In this context, some financial analysts warn that a possible rate cut by the ECB is unlikely to have a positive economic impact that will be felt before 2025. Jack Allen-Reynolds, an economist at Capital Economics, expects the eurozone economy to “flatline” in the first half of 2024 “as the effects of past monetary tightening continue to take hold and fiscal policy becomes tighter”.
Consumer confidence on the decline
Gold’s strong performance has also been spurred by recently released US economic data, which missed expected targets: the US manufacturing ISM fell to 47.8 in February from 49.5 expected and 49.1 in the previous month. The continued decline in the sector’s performance comes after 28 months of growth.
Meanwhile, according to a survey by the University of Michigan, consumer confidence in February also fell to 76.9 from an estimated 79.6. “Consumer confidence moved sideways this month, falling only two points below January and maintaining the gains in confidence seen over the past three months,” explained Joanne Hsu, the survey’s director.

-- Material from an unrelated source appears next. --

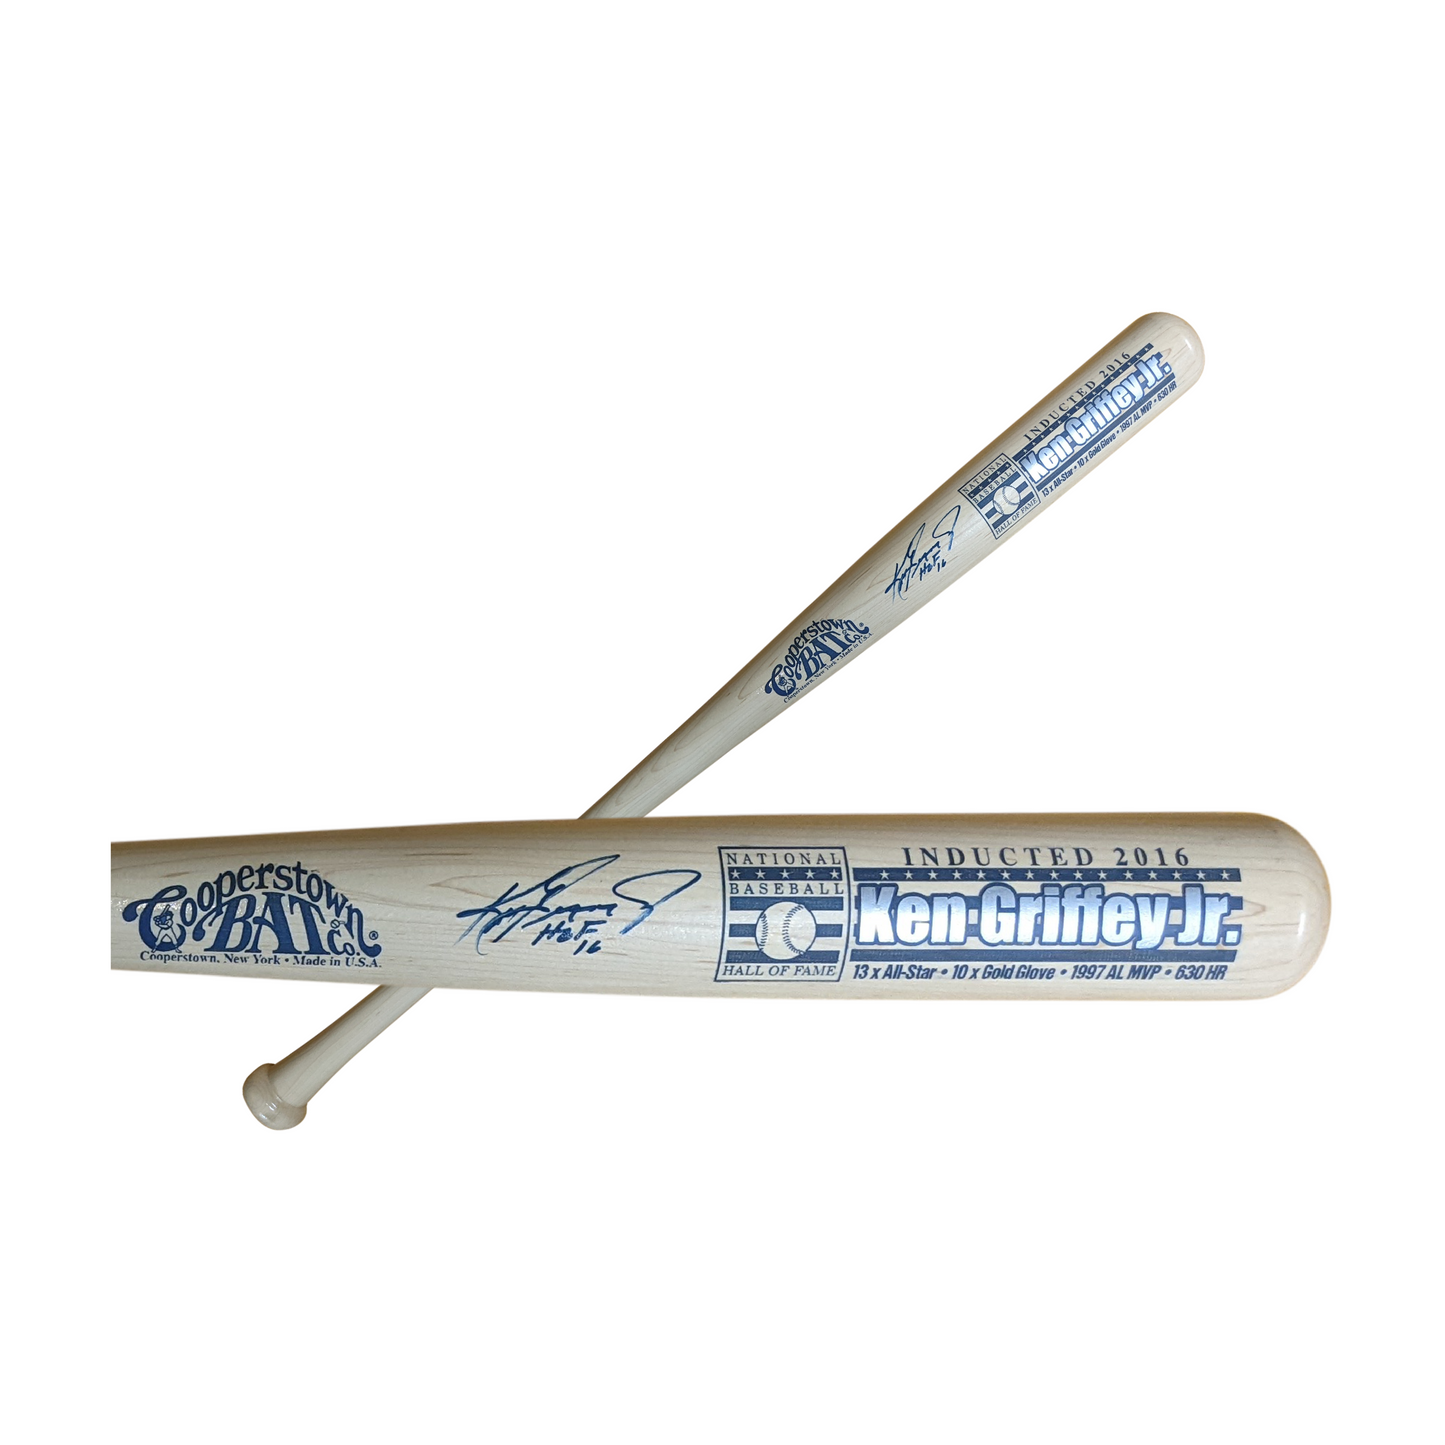 Ken Griffey Jr. Autographed Hand Signed Cooperstown Stats Wood Baseball Bat with HOF 16 Inscription - PSA Authentication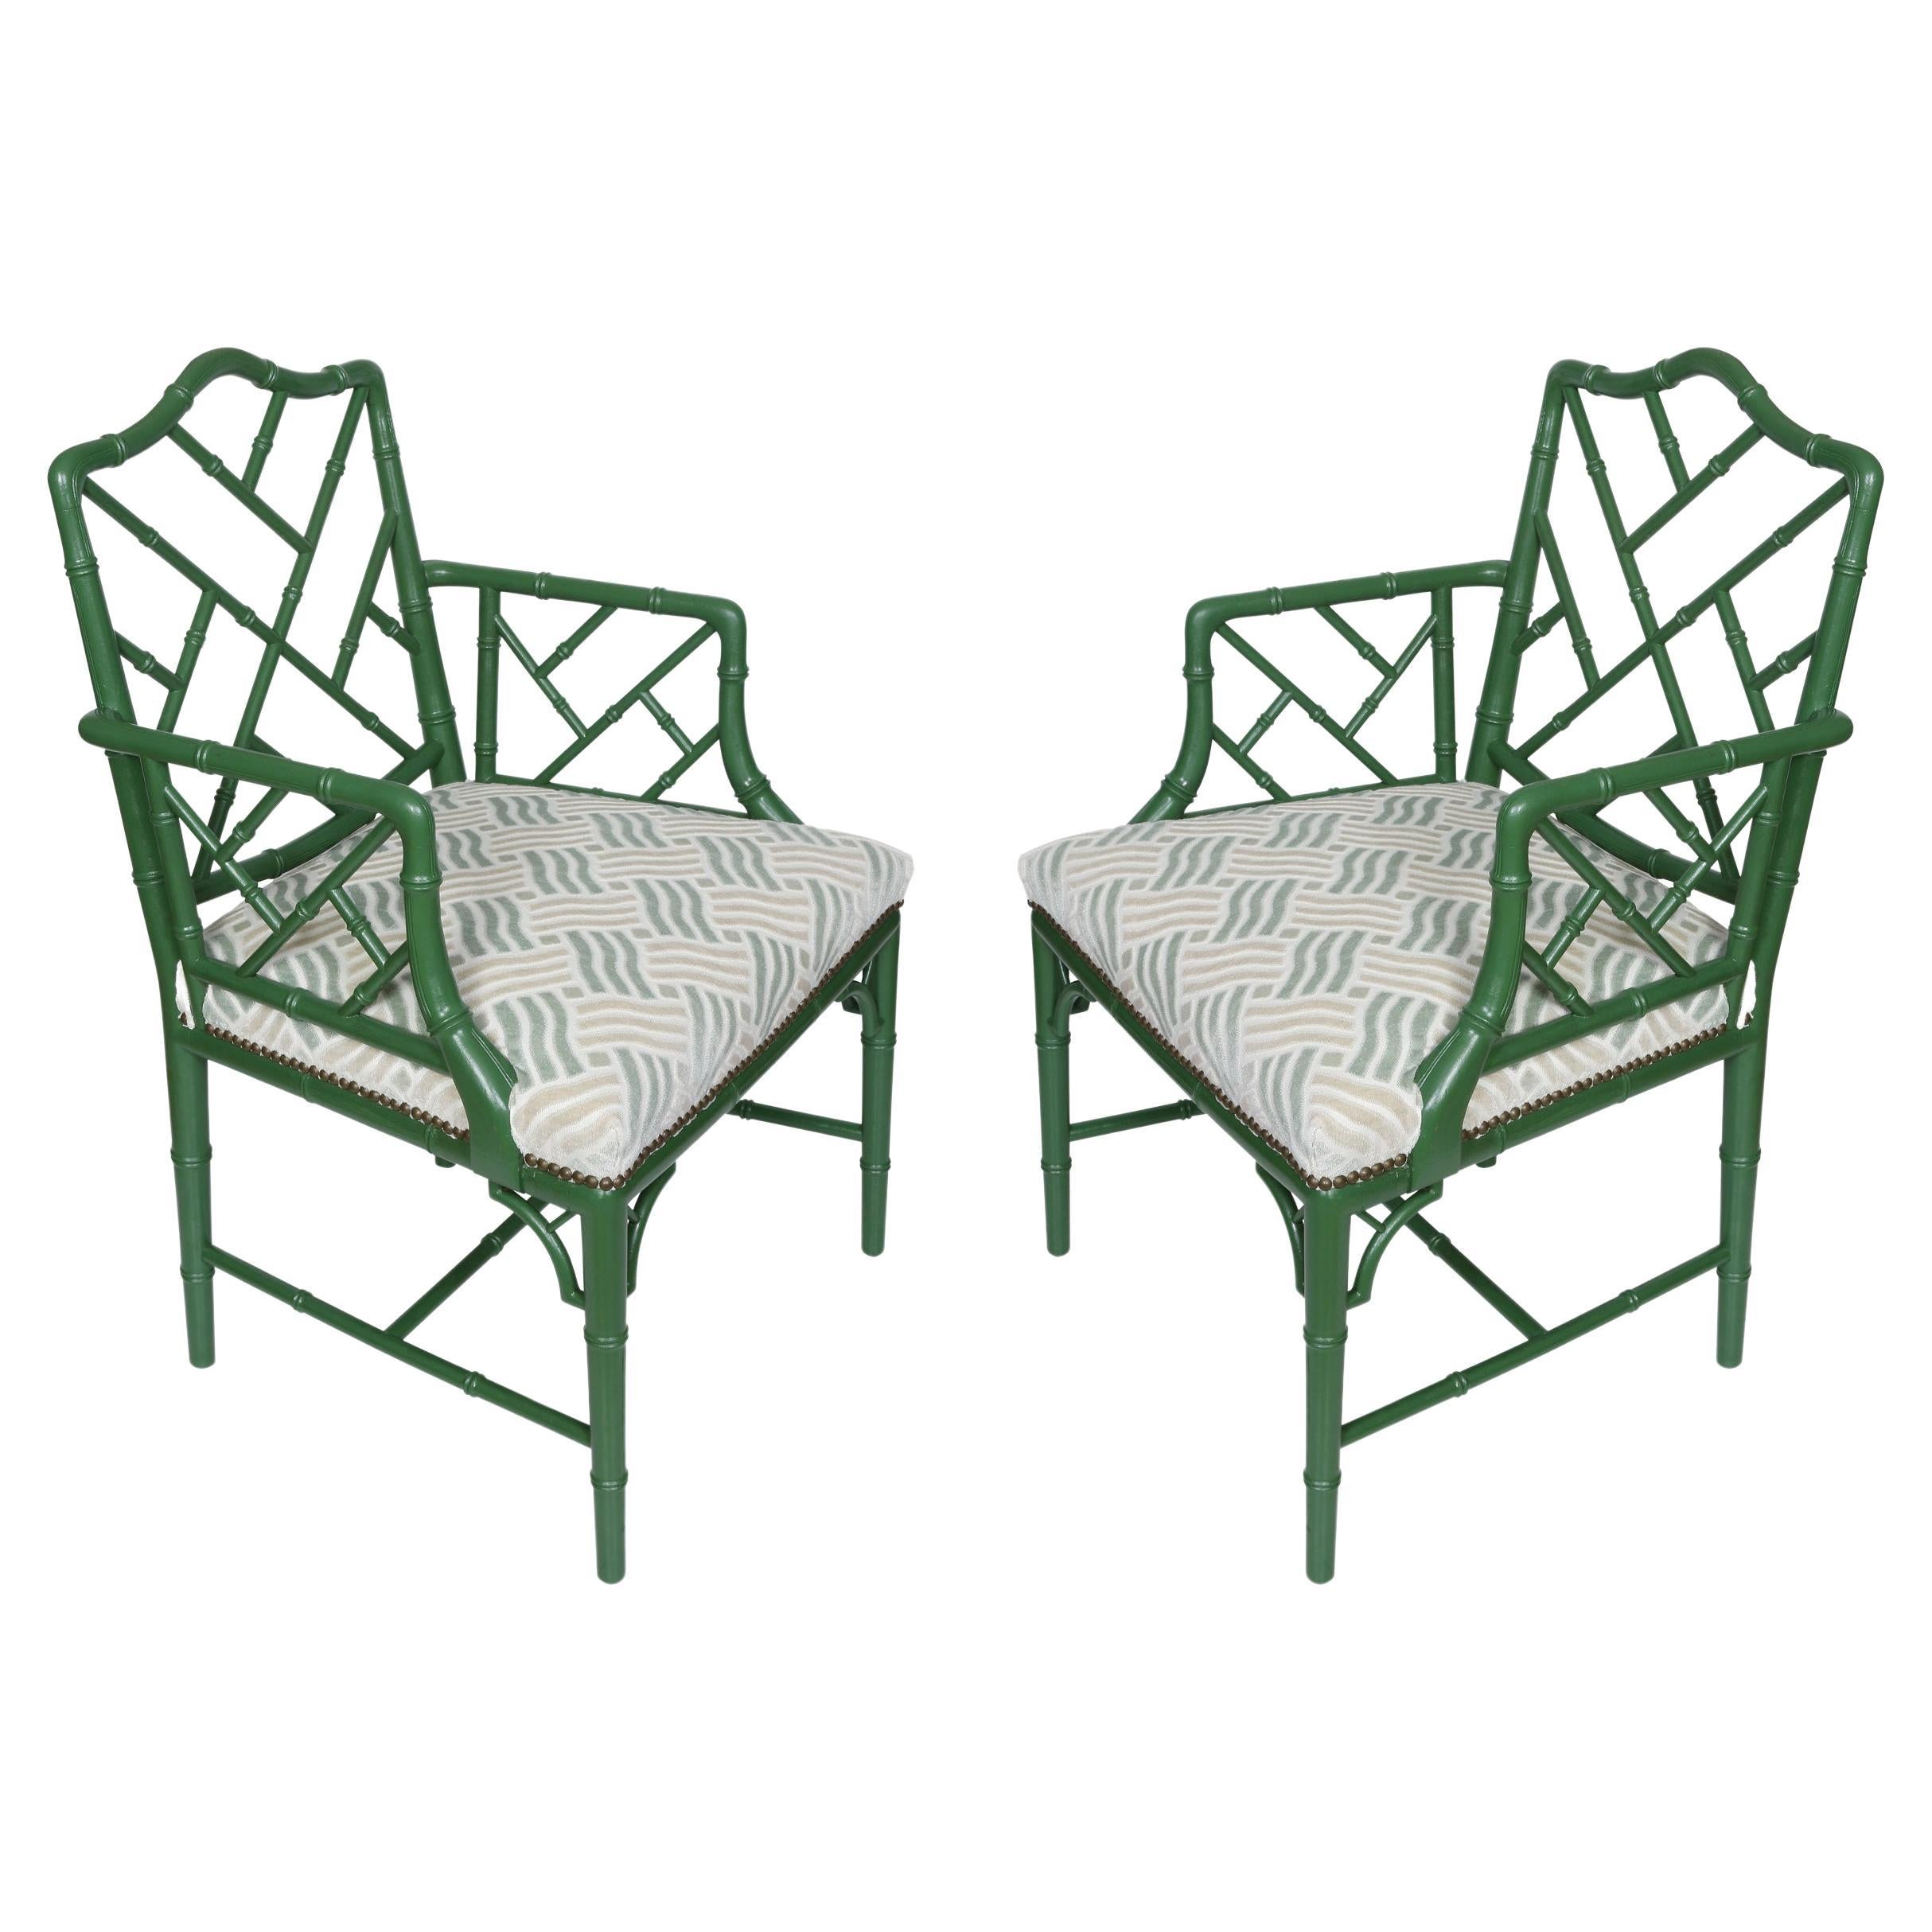 Pair of Green Bamboo Style Arm Chairs With Cut Velvet Seat Cushions

This loss of consumer confidence reflects “lingering uncertainty about the US economy,” said Dana Peterson, Chief Economist at The Conference Board. This downward sentiment is mirrored among the G7 countries, which recorded significant declines – Britain (-3.2 points), Canada (-2.1 points) and Germany (-2.0 points) – in contrast to Asian countries, where consumer confidence is on the rise across the board.